In the COVID-19 era, it does not help that some leadership teams are not clear what the PMO does.  This coupled with the finding that a significant minority of PMO Managers do not believe that their own PMOs are adding enough value to their organisation suggests that: [2]

  1. Unless PMOs are clear what their remit is and indeed that the services that they offer are in line with the needs of the company then ‘closing down’ notices should be printed.
  1. If the leadership team does not take the time to understand the services that the PMO offer and reflect on whether these are the ‘right services’ then the PMO should be ‘quarantined’.

So, what will become of the PMOs who are not deemed as providing essential services? Can a cocktail of project pharmaceutical substances or an injection of bleach cleanse these PMOs from the irrelevance that some of them now seem to be facing?

In the forums that discussed and reflected on these points, it was clear that some of the Senior PMO personnel feel that the ‘Closing Down’ notices might well apply to them and they are struggling to see a way out.  Unless an ill PMO can become relevant and add value quickly then they will be deemed an overhead and remain furloughed, perhaps never to return.  There are no vaccines available, but the following diagnosis grid might help sign post the way out of the quarantine ward.

PMO Health & Hazards Diagnosis Grid

In summary, our research suggests that many PMOs will not survive in the post-COVID-19 era.  The reason is multifaceted.  In some cases, the PMO has lost its relevance and its focus.  For others, they never had either!  Senior management don’t consider the PMO “essential services” or “frontline workers” but a burden and overhead to be sacrificed in these times. Many PMO leaders themselves question the value of their own office or struggle to communicate its nature and how it should be judged to management.

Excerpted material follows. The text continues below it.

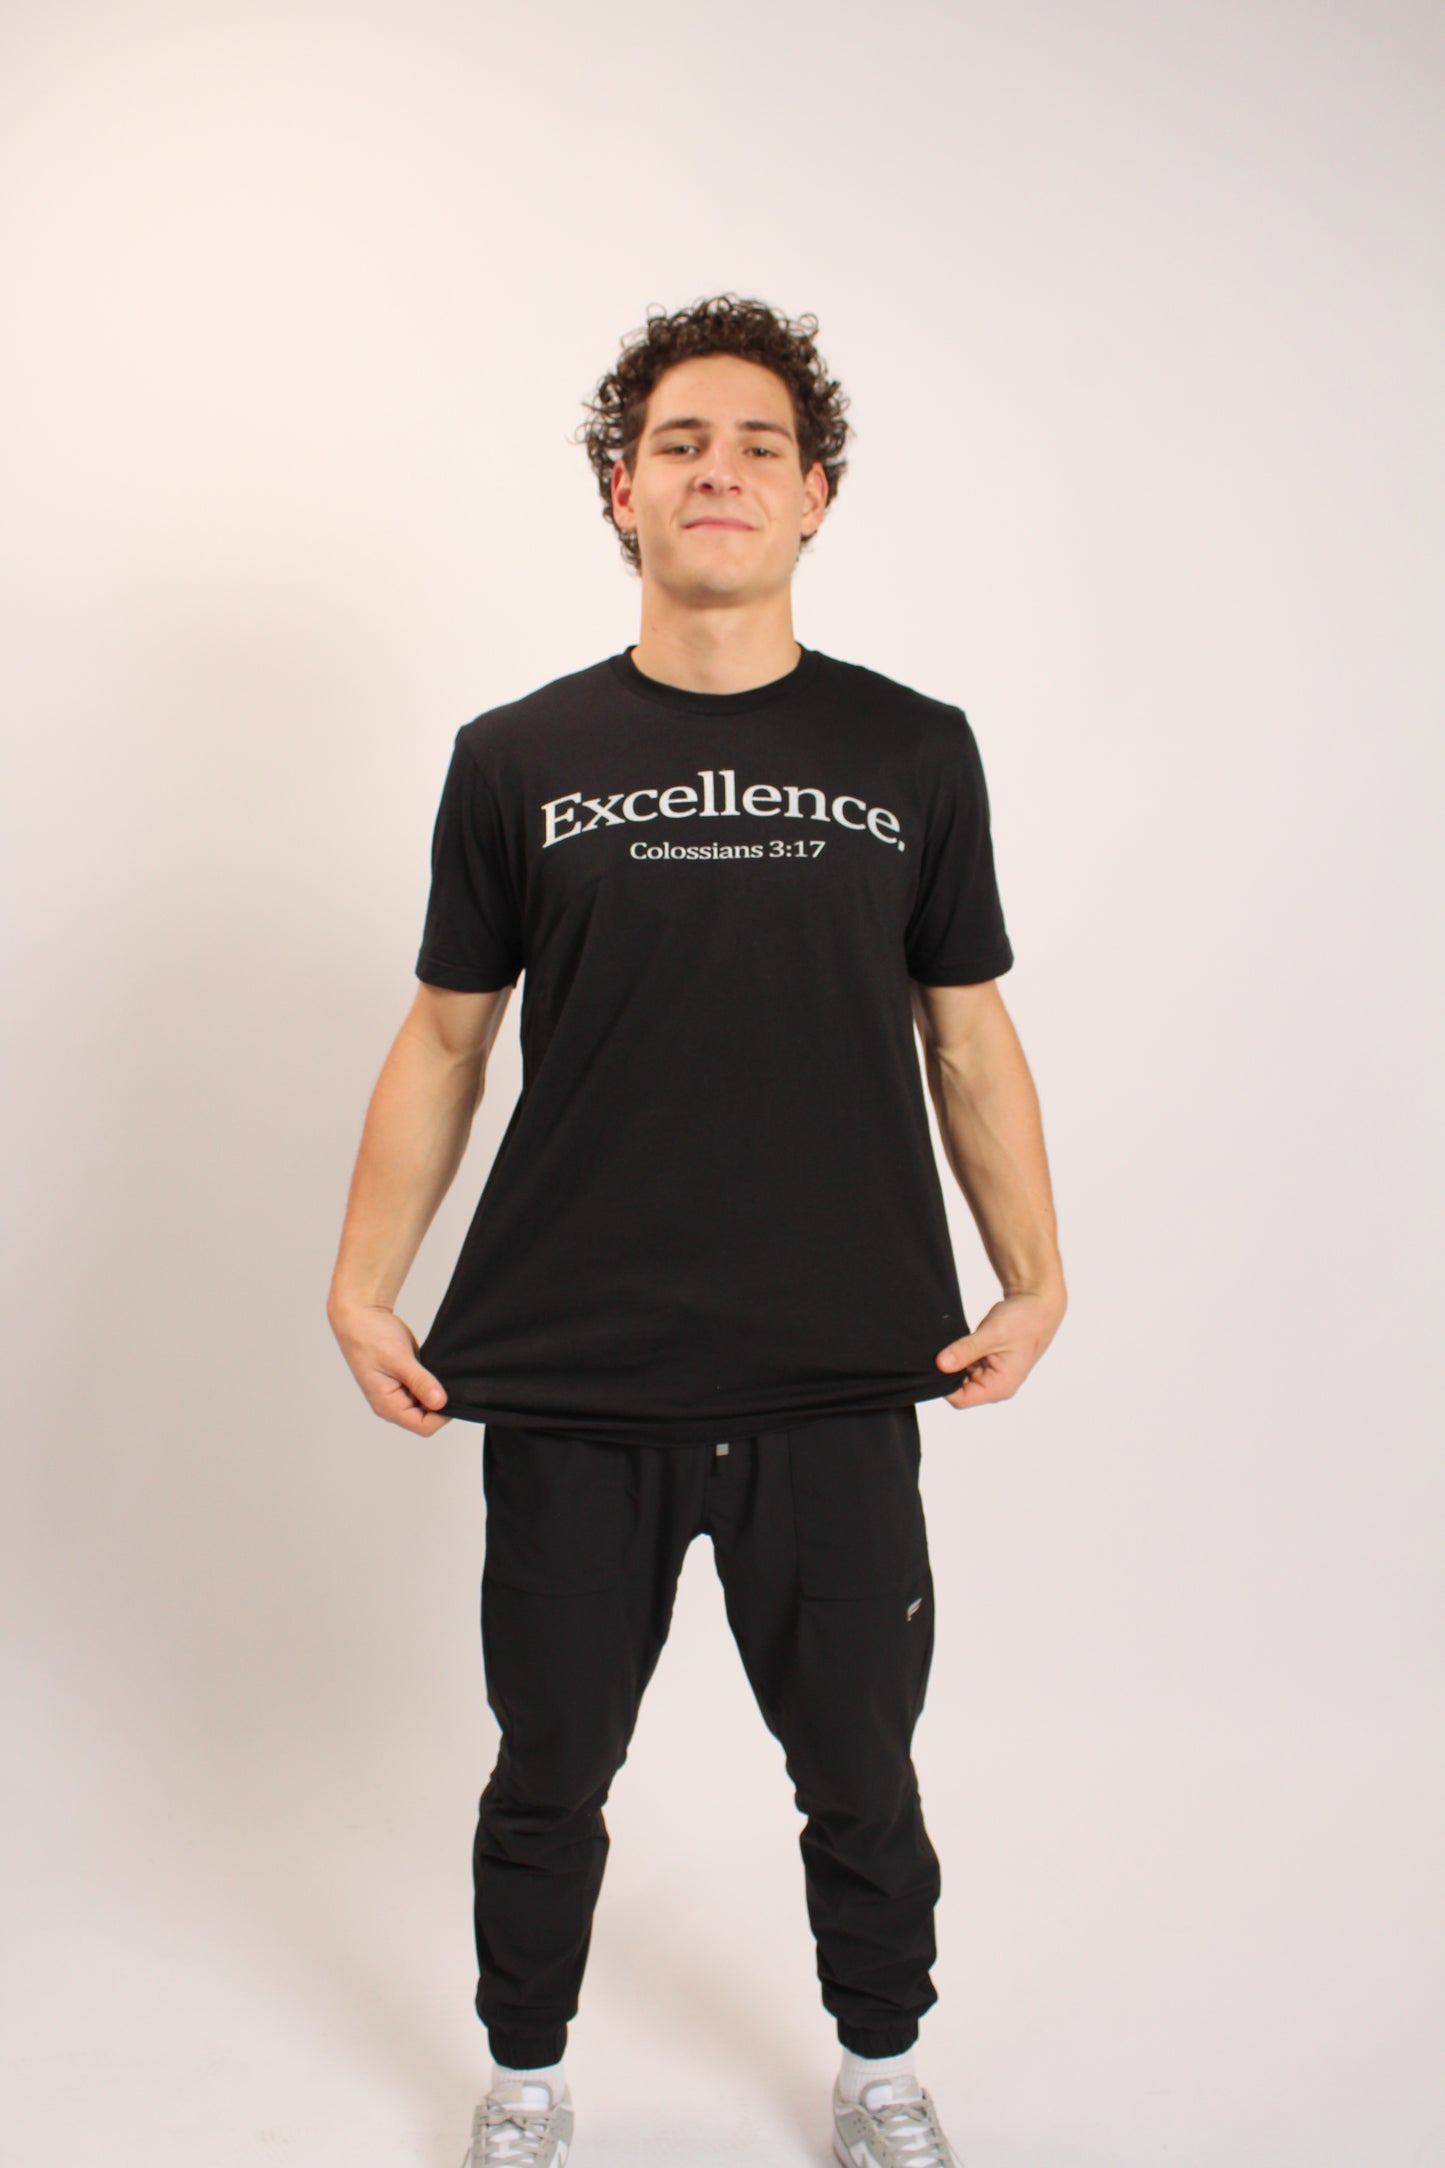 "Excellence" Slim-Fit T-shirt

However, the PMOs that are agile, responsive and add business value are making a difference, with the research also revealing that the services these PMO deliver are indeed essential and very frontline!  Therefore, the right vaccine is a concoction of three ingredients: understand the nature of your PMO, focus on delivering business value and make sure that all the stakeholders involved are effectively engaged to ensure the PMO services remain relevant.

Shifting the focus of the PMO up the value chain as opposed to being perceived as an overhead starts with a different way of thinking about a PMO’s contribution to the business.  Some PMO’s have adapted quickly to the crisis and are an integral part of how Project Portfolios have been rebalanced and reprioritized.  This resiliency is needed to ensure that PMOs remain relevant because an injection of bleach won’t cure the underlying conditions!